A mysterious message was written on the Bitcoin blockchain on Sunday – and the riddle within it has Bitcoiners eager to figure out its meaning in case there is a hidden tease about an exciting new Ordinals art project.
“10,000 sats, side by side,” reads the message in Ordinals inscription 55.365.041. “A single UTXO, untouched inside. Born together, cursed in heart and soul. Built with code, Bitcoin Art.” The message was followed by a series of numbers 391481082118 – 391481092117.
In cryptocurrency, Unspent Transaction Output (UTXO) refers to the amount of that currency, in this case Bitcoin, that remains after a transaction. The unused money is then used for new transactions.
The cryptic message has left many in the Ordinals community perplexed as to its meaning. The wording suggests a potential Ordinals art or profile photo project (PFP), as many NFT projects tend to have 10,000 different unique images/assets, but for now Bitcoiners will have to guess and look for clues before a real reveal happens .
BREAKING: A mysterious message has just been written on an Uncommon Sat, which appears to have ties to an unrevealed 10K collection enrolled 1 hour before the anniversary
Post → https://t.co/LvKQuQsrrG
Older → https://t.co/Sf7vqH5jhf
Kids → https://t.co/BYC78QH0iH pic.twitter.com/SBRYZtiFhW— Ord.io (@ord_io) January 15, 2024
“They haven’t really given us much information about what the collection actually is,” pseudonymous NFT historian and Ordinals collector Leonidas said. Declutter.
Like the message “All work and no play makes Jack a dull boy” from the classic film “The Shining,” the message scrolls repeatedly through the inscription. “Born together, cursed in heart” is a possible reference to the “cursed” parent Ordinal of the inscription. A search on Ordiscan shows that the inscription is linked to another or ‘parent inscription’, -471.460, depicting a tower or obelisk.
While it may sound like the title or a MacGuffin of a horror movie, Cursed Ordinals, also known as Cursed Inscriptions, refers to Ordinals that the Ord indexer originally overlooked, preventing them from appearing in wallets and marketplaces. Cursed ordinal numbers, like the rook, receive a negative number until resolved.
“The original version of the Ordinals indexer didn’t catch them; the newer versions do,” Leonidas said. “The problem is that when you include the inscription numbers in new versions, the old inscription numbers are rearranged,” he said, explaining that swearing or giving the inscription a negative number was the solution.
The so-called “cursed ordinal number” was linked to another parent inscription, 53,383,387, which showed a white door under a black arch.
“We just had the Jubilee upgrade a week ago which ‘blessed’ the edge cases that cause cursed inscriptions,” Leonidas said. “So now all new inscriptions made in strange ways are given a normal positive number and are not cursed,” explaining that all previously cursed inscriptions remain “cursed” with negative numbers… forever.
“So the stock of approximately 470,000 cursed inscriptions is now blocked forever,” he said.
Since the launch of the Ordinals protocol last January, more than 55 million entries have been minted on the Bitcoin blockchain, according to a Dune data dashboard.
The cryptic message joins other inscriptions, including a clone of the groundbreaking first-person shooter Doom, and more recently a Super Nintendo Entertainment System (SNES) emulator.
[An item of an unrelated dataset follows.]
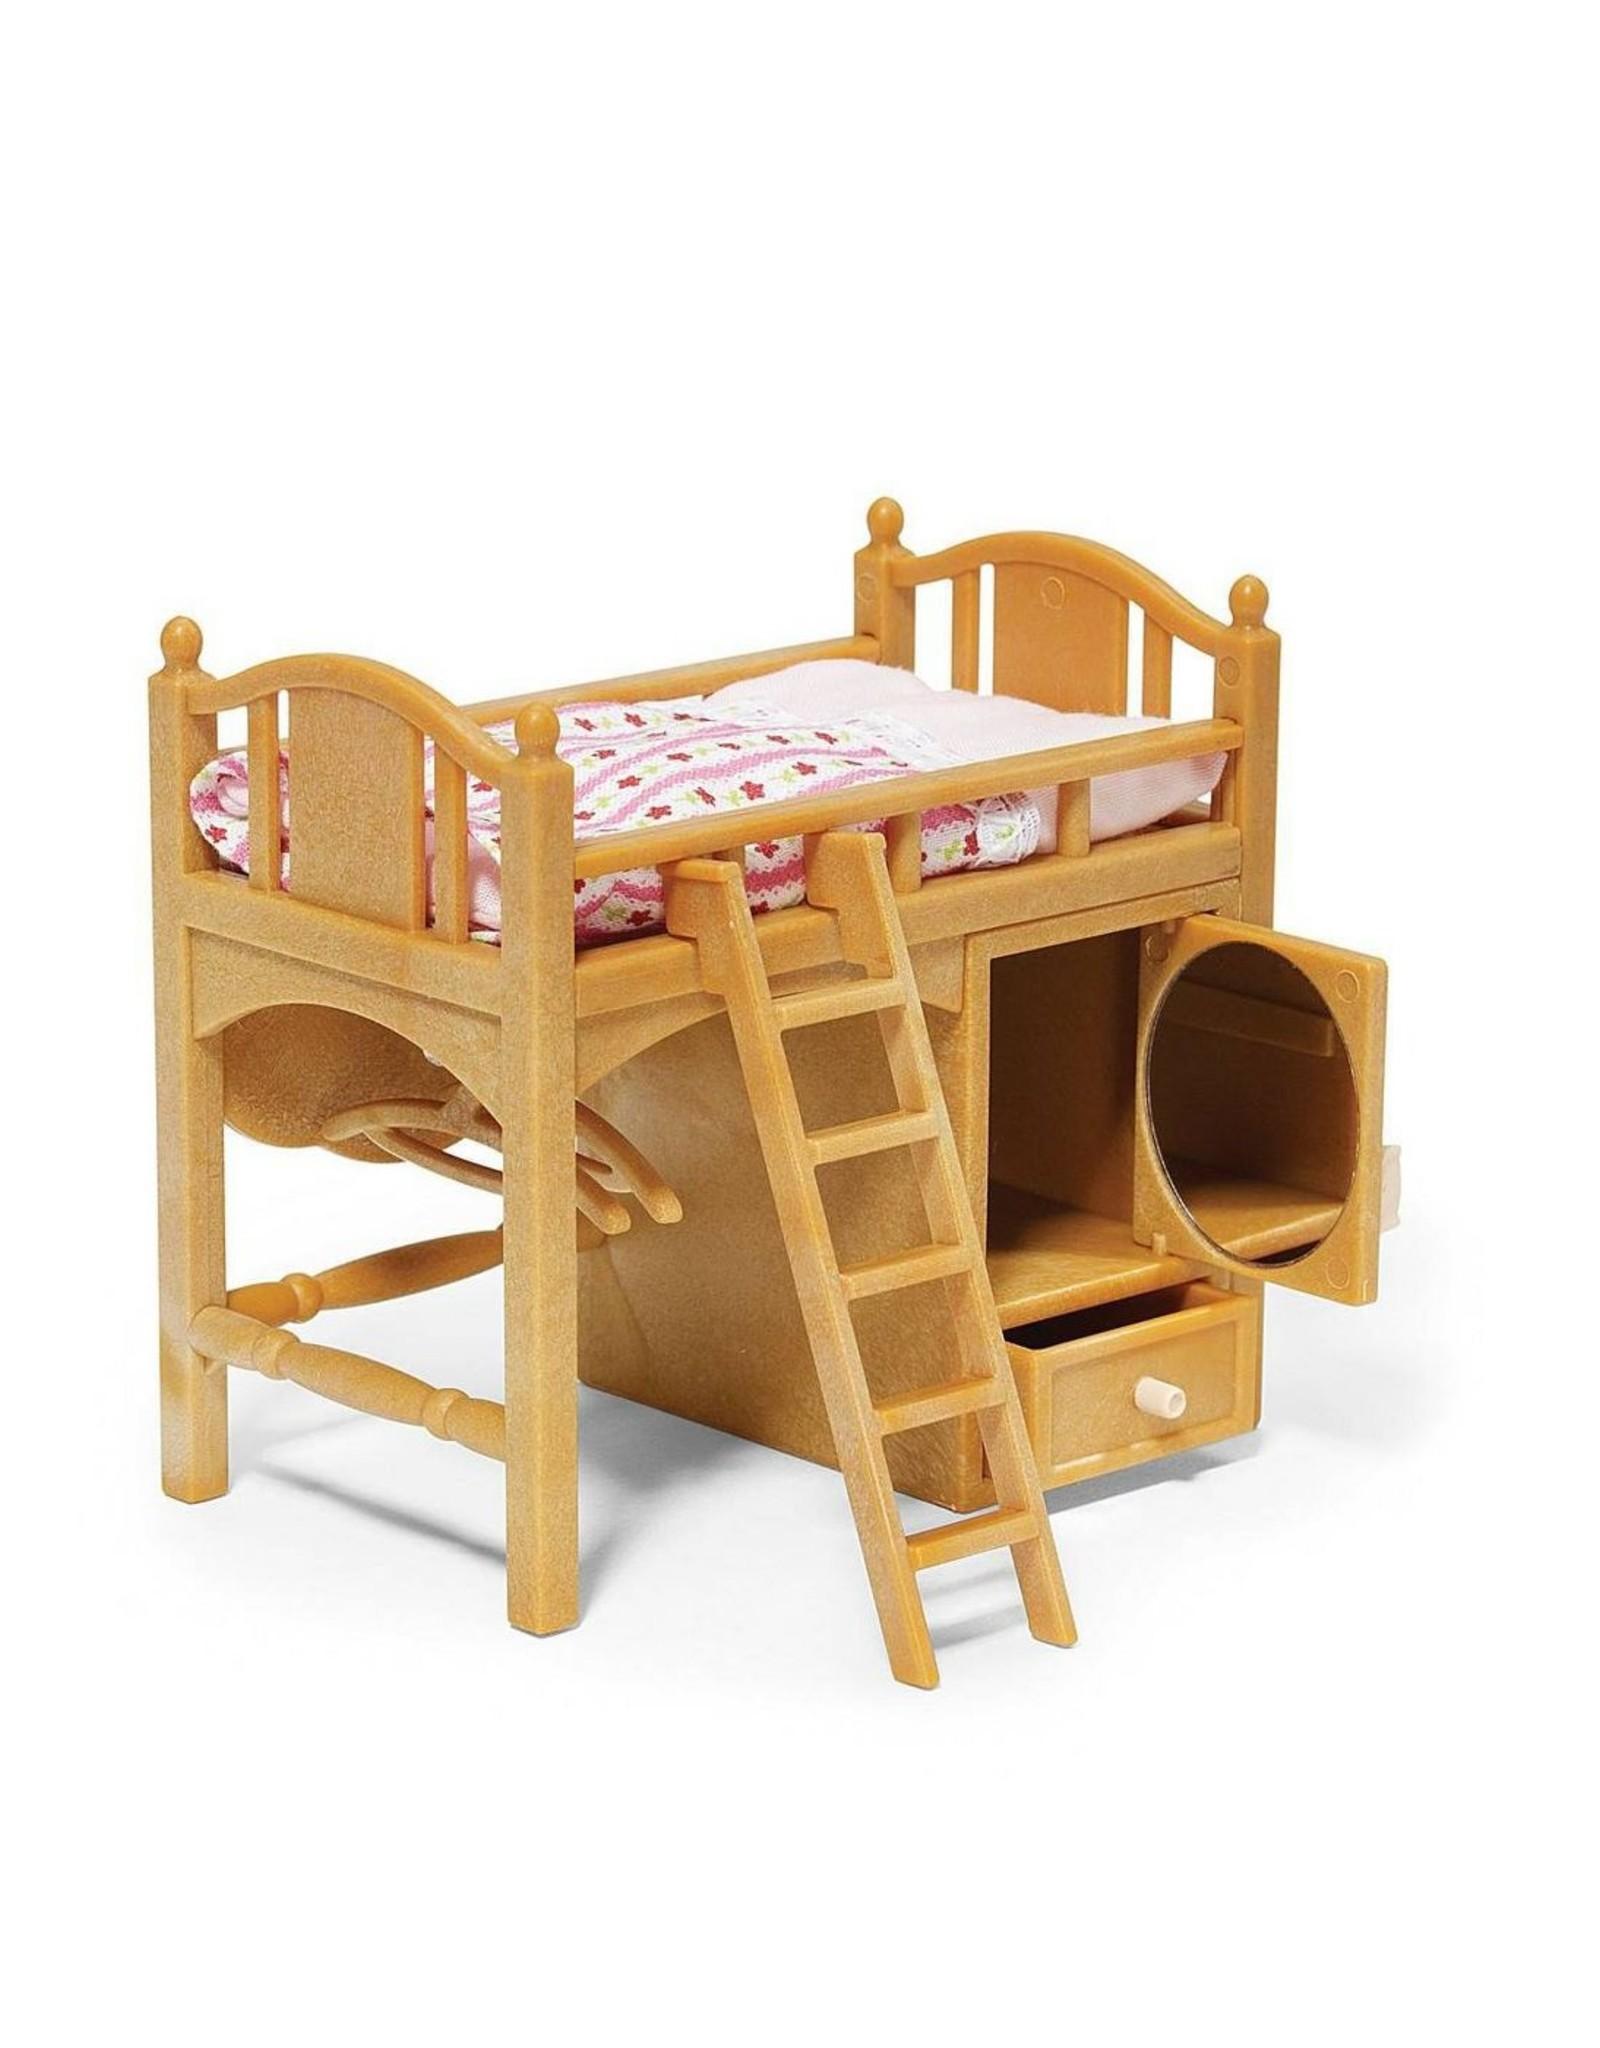 Calico Critters CC Loft Bed

Ordinals have also been used to inscribe artworks and PFP collections on-chain, and to create a standard for staking fungible tokens on Bitcoin.
The popularity of the Bitcoin equivalent of the NFTs found on the Ethereum and Solana blockchains has caused fees on the leading blockchain to skyrocket. According to Bitinfocharts, the cost for a single Bitcoin transaction in December was $37.43.